Diese Stelle spricht zumindest dafür, dass die römischen Juden im Mittelalter eine Tradition kannten, der zufolge sich die Tempelgerätschaften in christlicher Hand befanden. Ein Jahrhundert später wurde diese Behauptung von Christen erhoben. Ein Mosaik in einem Deckengewölbe der St. Johannes-Kirche im Lateran aus dem Jahr 1291 enthält eine Inschrift, die nicht nur die Gegenwart der Bundeslade, sondern auch der Menora und der Säulen verkündet: «Titus und Vespasian haben die hier befindliche Lade und den Leuchter … und die vier Säulen den Juden in Jerusalem weggenommen und nach Rom gebracht.» Obwohl weder Christen noch Juden damals die Menora wirklich sehen konnten, empfanden beide deren Anwesenheit intensiv. Gehen Juden heute nach Rom, ist die Menora nicht weniger präsent – aber sie ist auch abwesend. Juden wissen, dass ihre heiligen Gerätschaften nach Rom gebracht wurden, wie diese als Titusbogen bekannte, offene Wunde schildert. Sie werden überdies durch die Überbleibsel aus den jüdischen Katakomben Roms aus dem vierten Jahrhundert an die Menora erinnert, die grösstenteils im Vatikan sicher aufbewahrt und ausgestellt werden. Hätte der Vatikan die echte Menora und andere Gerätschaften tatsächlich im Besitz, gäbe es in unserer stärker ökumenisch orientierten Zeit keinen Grund für die Annahme, dass die Kirche diese Gegenstände der Öffentlichkeit vorenthielte. Der Vatikan stellt ja zahlreiche, herausragende jüdische Manuskripte und Kunstgegenstände aus.

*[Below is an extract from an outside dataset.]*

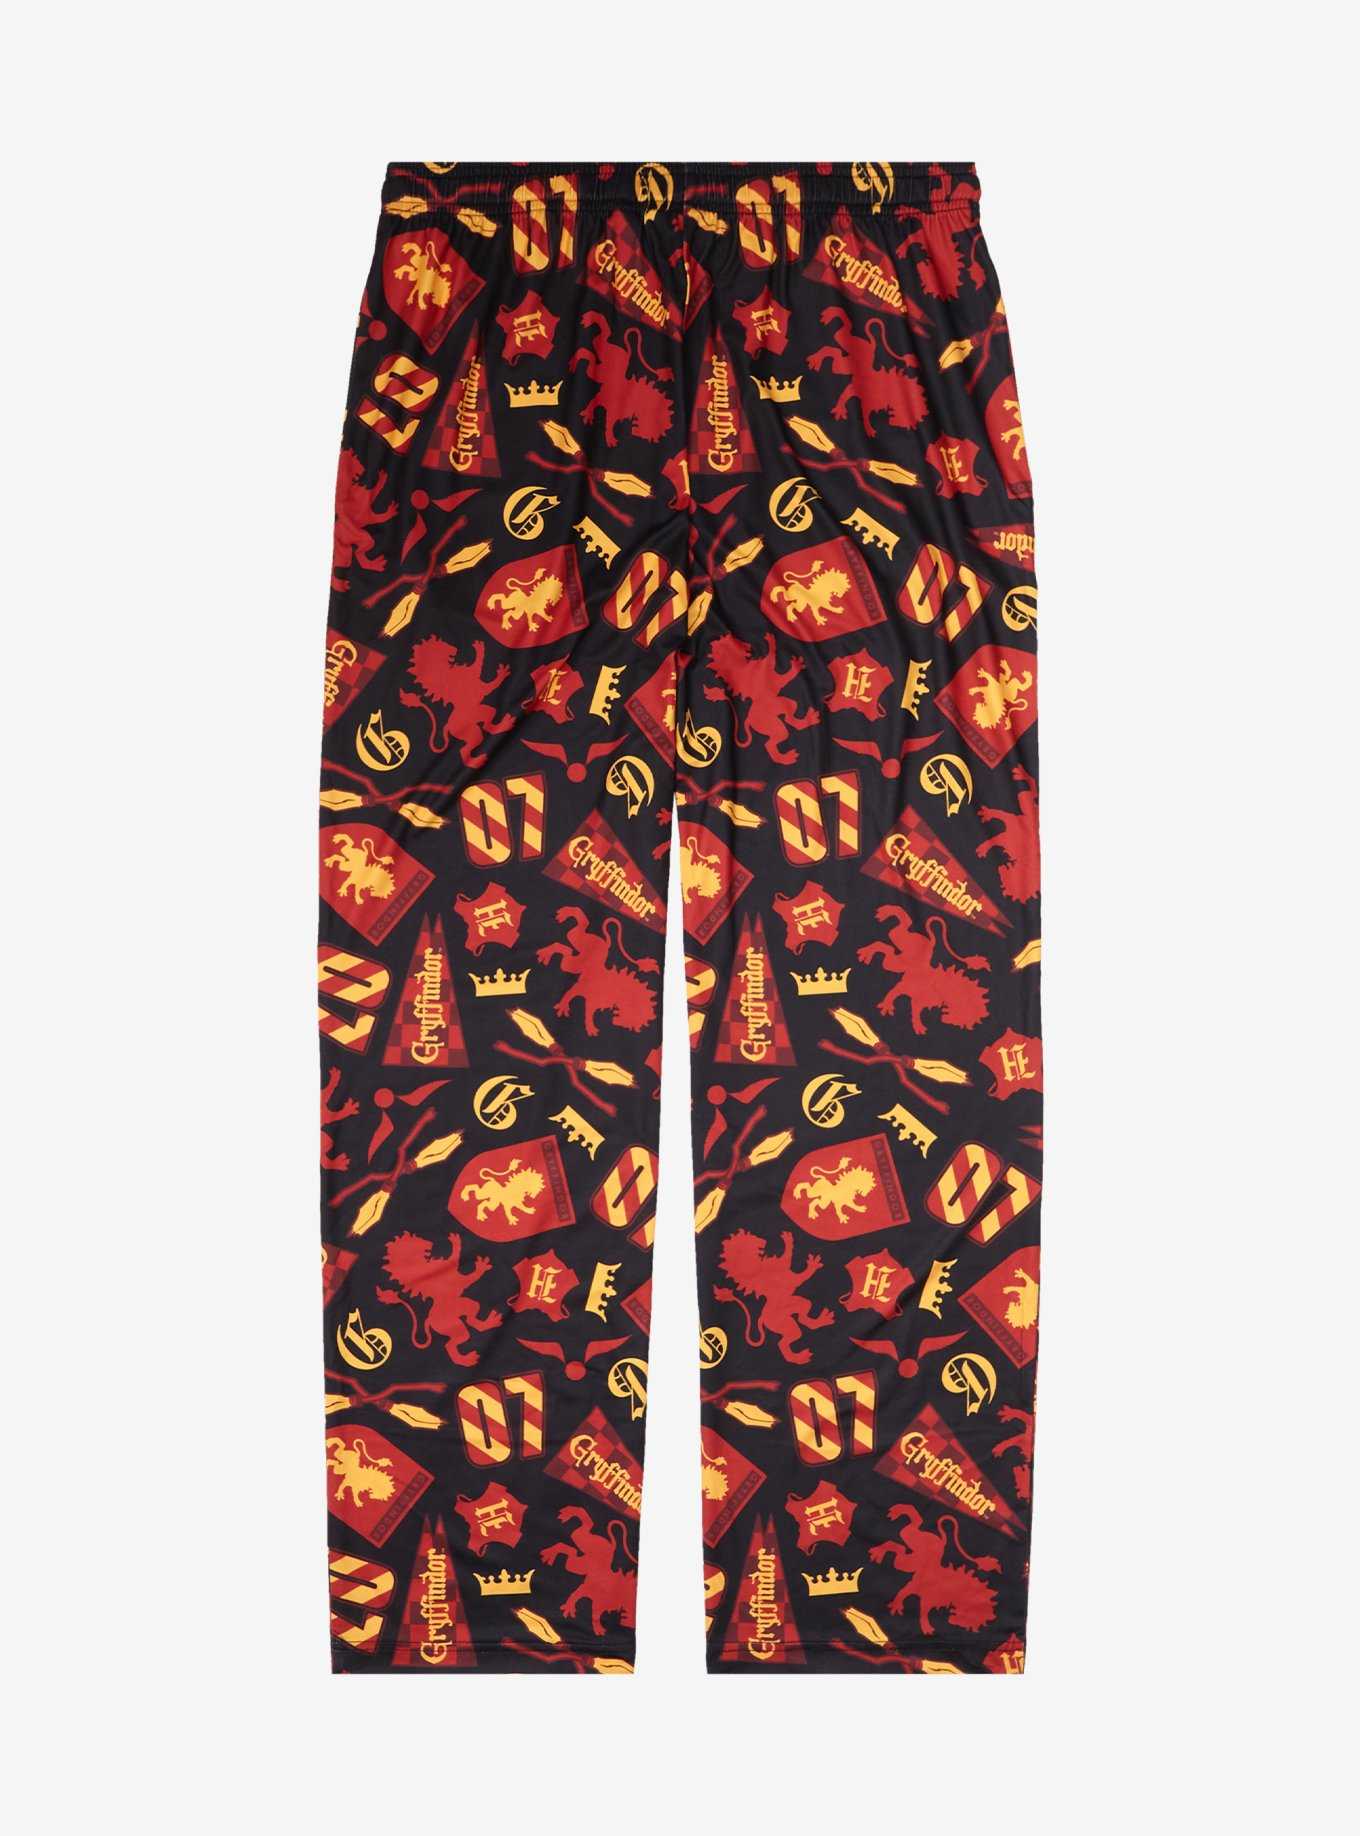 Harry Potter Gryffindor Quidditch Allover Print Sleep Pants - BoxLunch Exclusive, , hi-res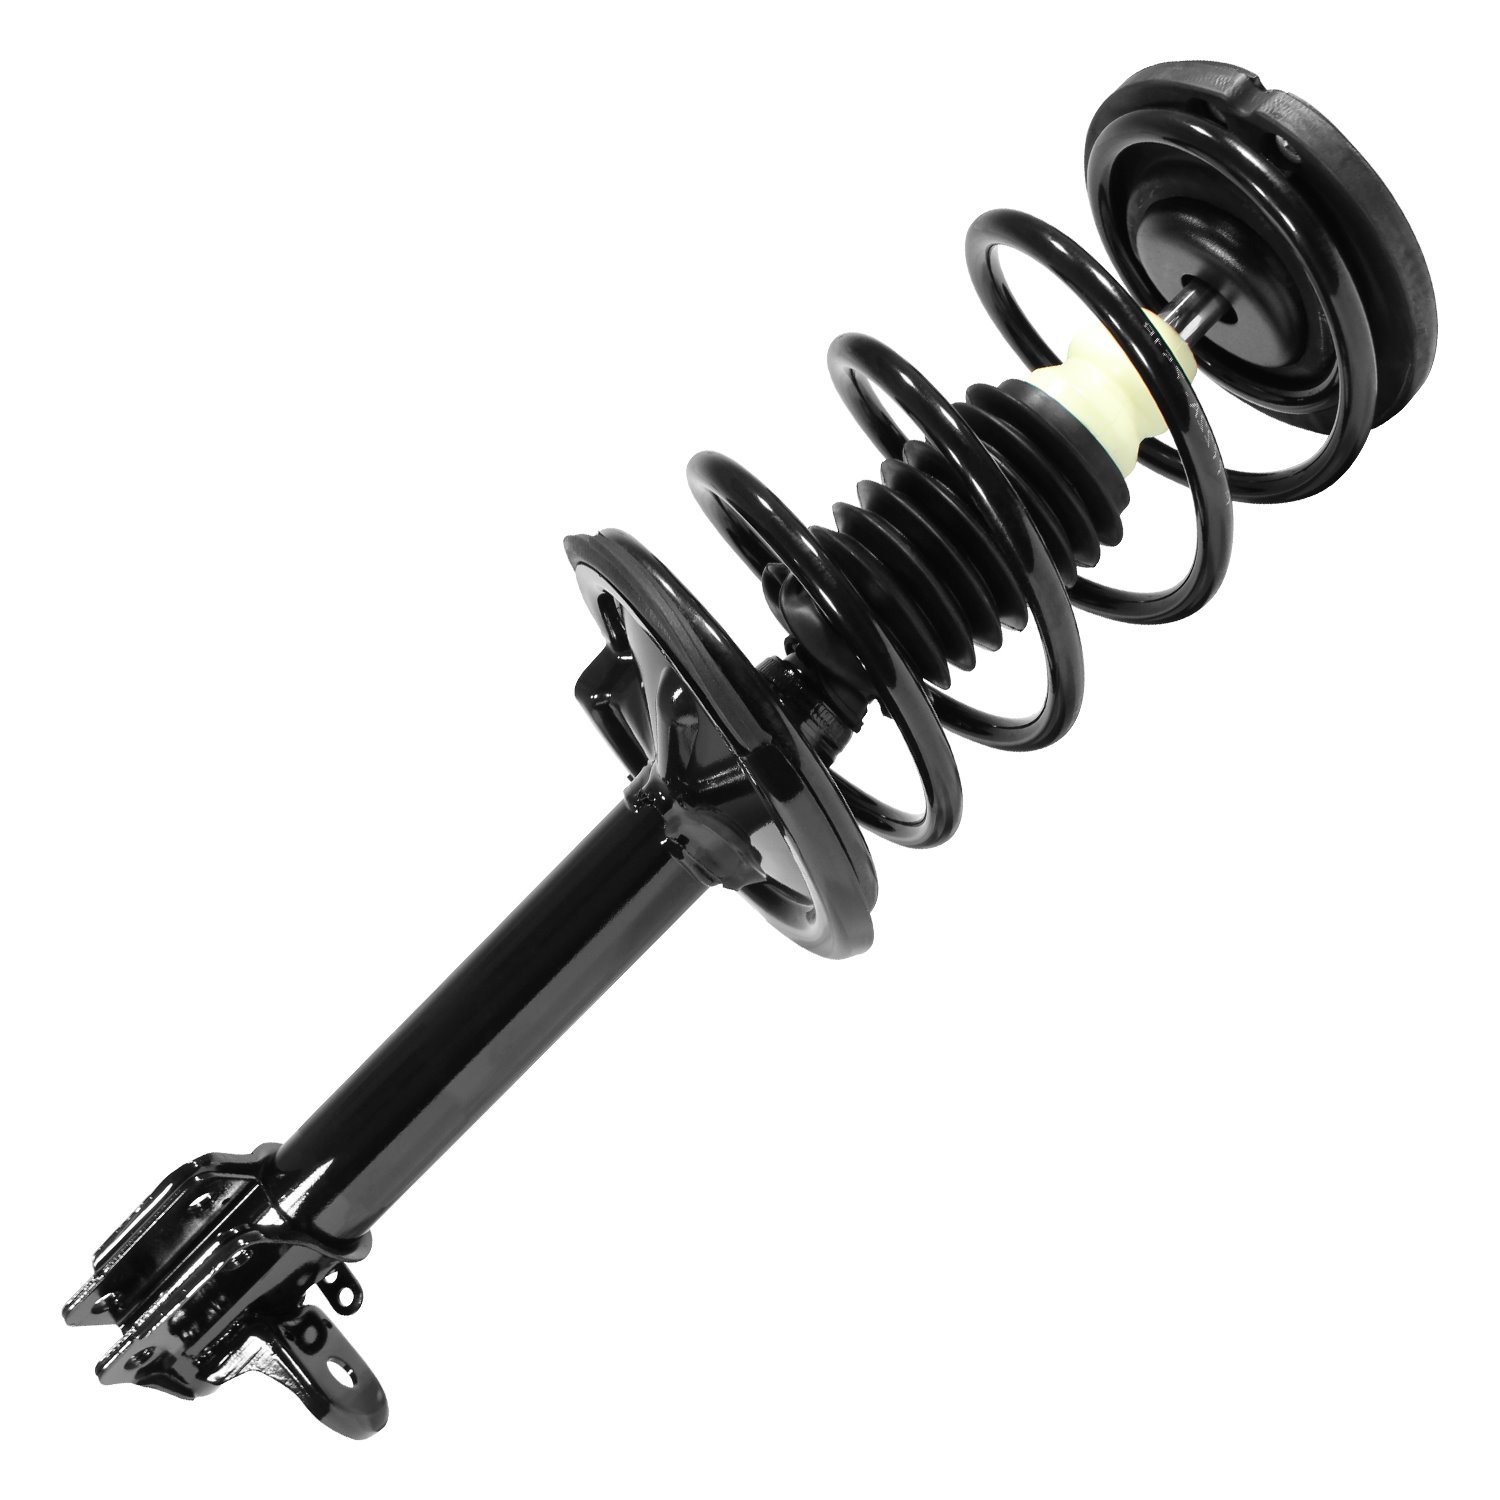 15211 Suspension Strut & Coil Spring Assembly Fits Select Chrysler Neon, Dodge Neon, Dodge SX 2.0, Plymouth Neon

Ich kann mir die Menora unter einer gewaltigen Kuppel vorstellen, wie sie auf einem Sockel ruht, umgeben von einem seidenen Tau und auf beiden Seiten flankiert von einer italienischen Wache. Aber das ist nur ein Traum. Doch solange Juden daran glauben, dass die Menora eines Tages Jerusalem zurückgegeben wird, solange bleibt auch die ewige jüdische Hoffnung auf die Rückkehr des Messias erhalten. ●

Von Haus aus Kulturhistoriker, beschäftigt sich Steven Fine mit dem Judentum in der griechischen und römischen Epoche. Fine ist Professor für Jüdische Geschichte an der Yeshiva University in New York, wo er das Seminar für Jüdische Geschichte am Yeshiva College sowie das Zentrum für Israel-Studien leitet.